# Given material:

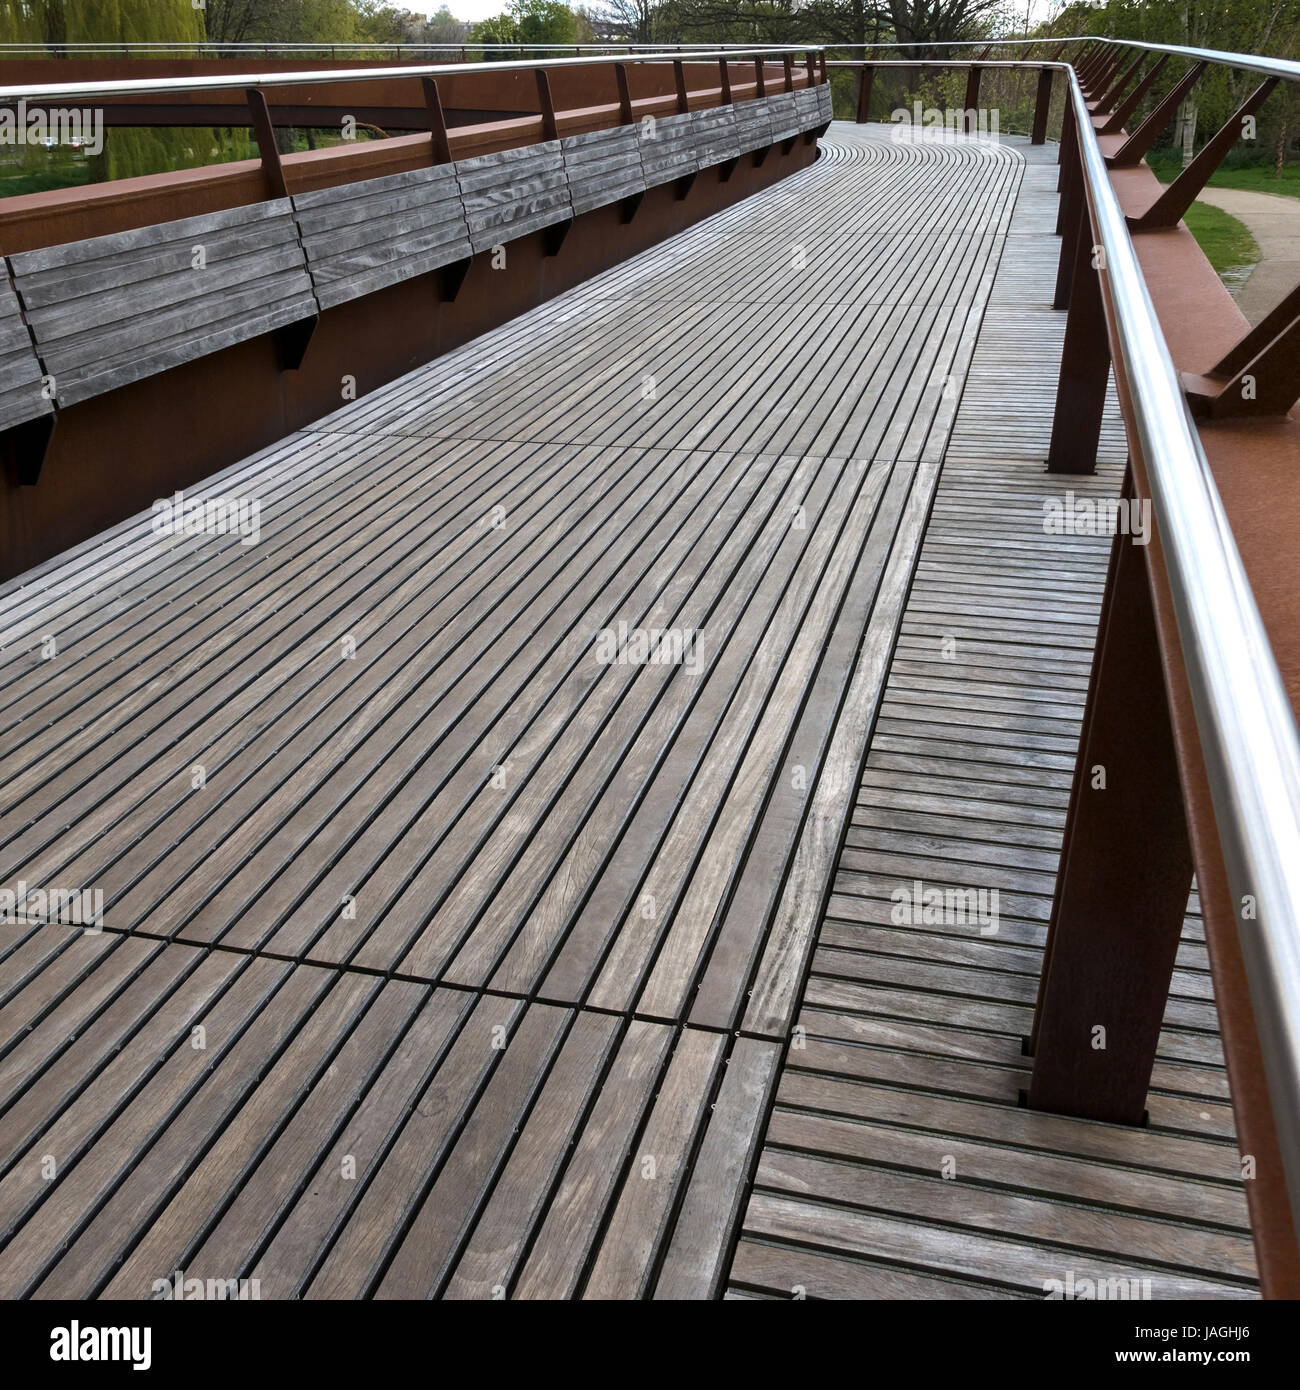 Legname decking boardwalk del ponte Jarrold, Norwich, Regno Unito Foto Stock
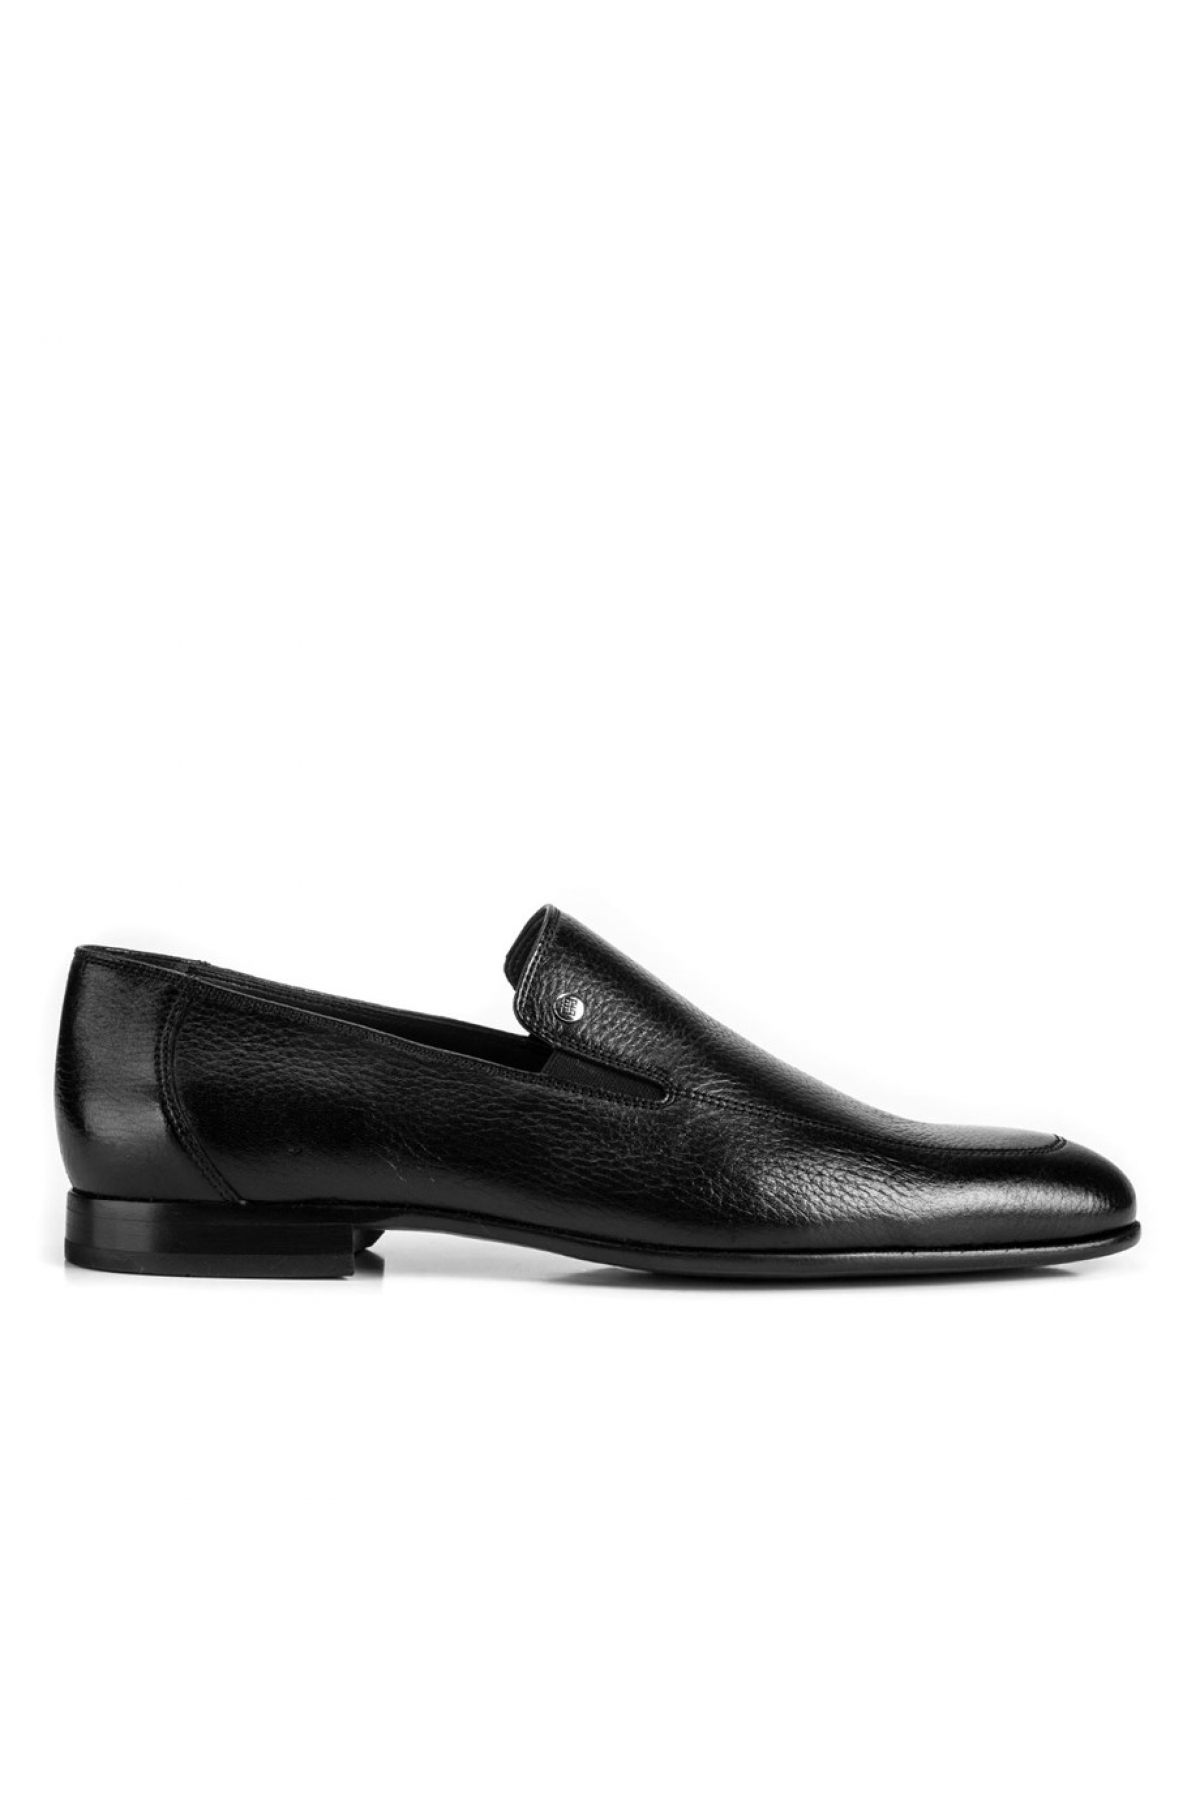 Flo Hakiki Deri Siyah Erkek Klasik Ayakkabı. 2
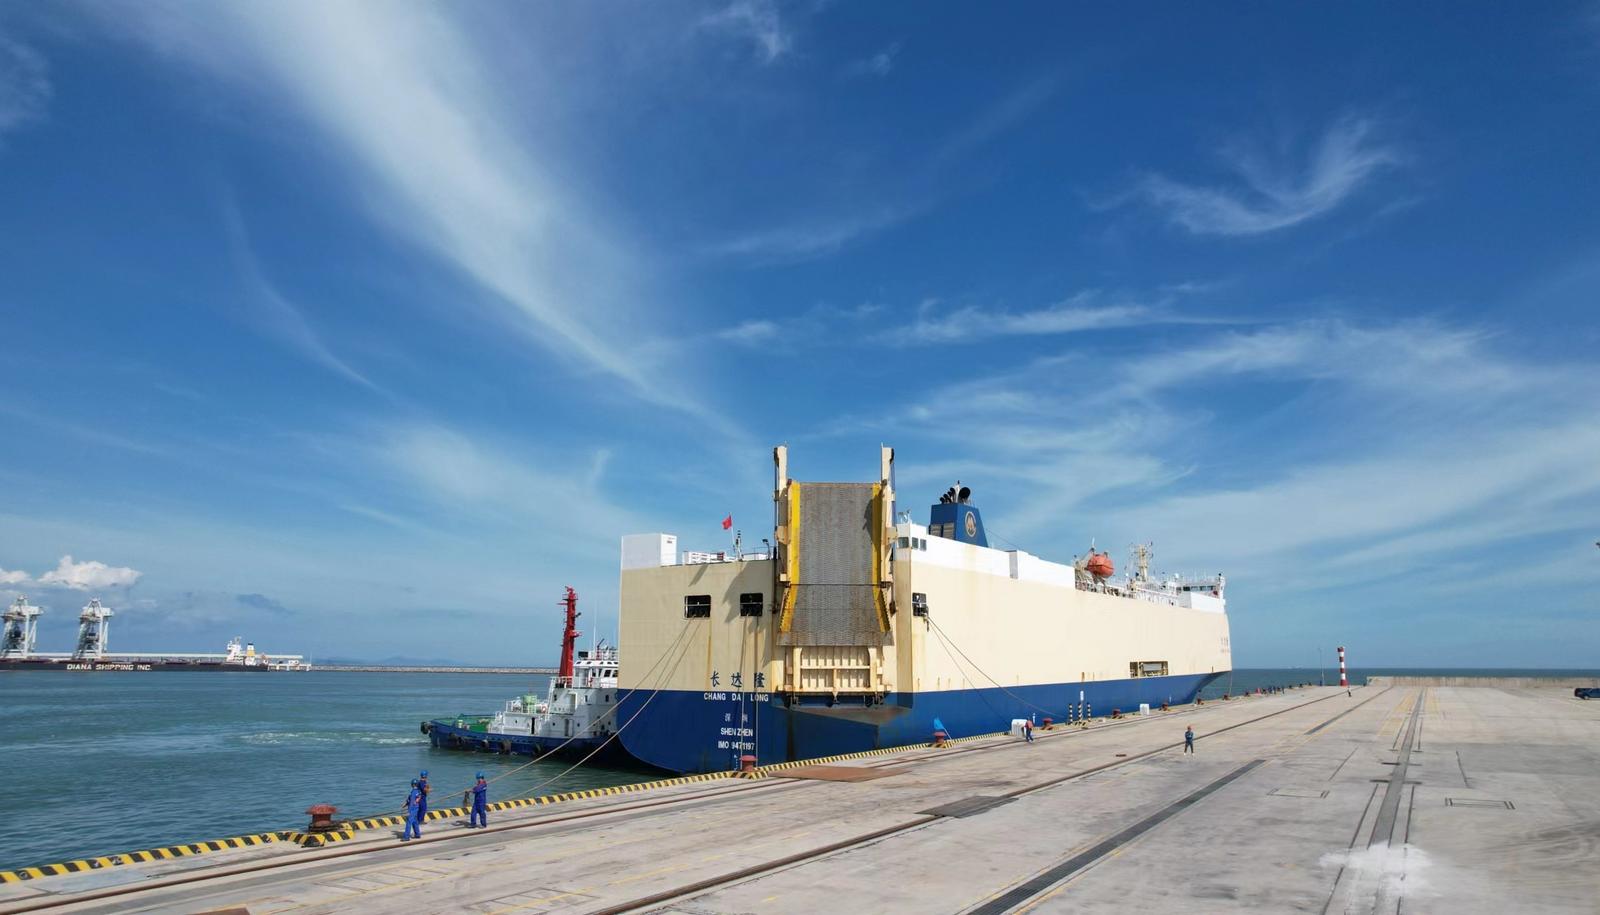 1580辆新能源汽车包船直航泰国 深汕小漠国际物流港创单次最大出运量纪录
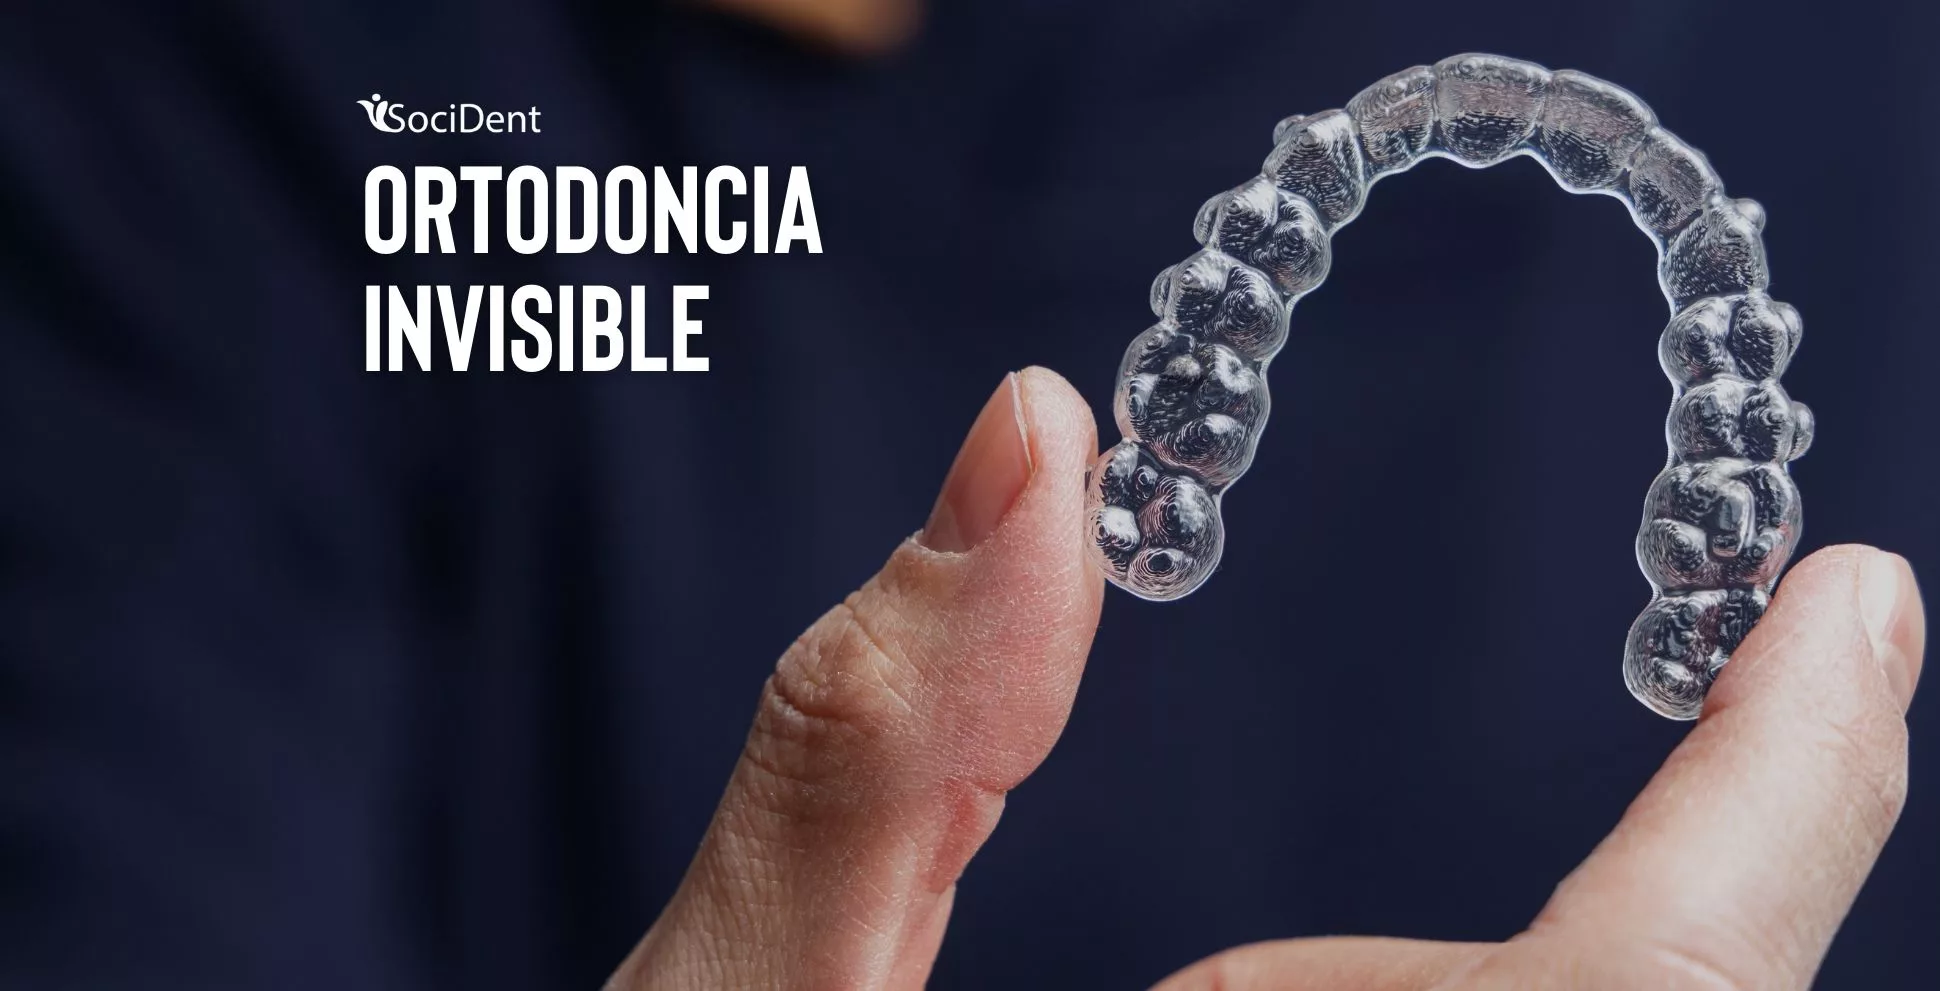 socident ortodoncia invisible en mostoles navalcarnero y madrid

# Task brief:
Only the lines from the one with "1580辆新能源汽车包船直航泰国 深汕小漠国际物流港创单次最大出运量纪录" through the end of the listing above should be output, exactly as written and with no pictures.

# Result of this task:
 1580辆新能源汽车包船直航泰国 深汕小漠国际物流港创单次最大出运量纪录
 socident ortodoncia invisible en mostoles navalcarnero y madrid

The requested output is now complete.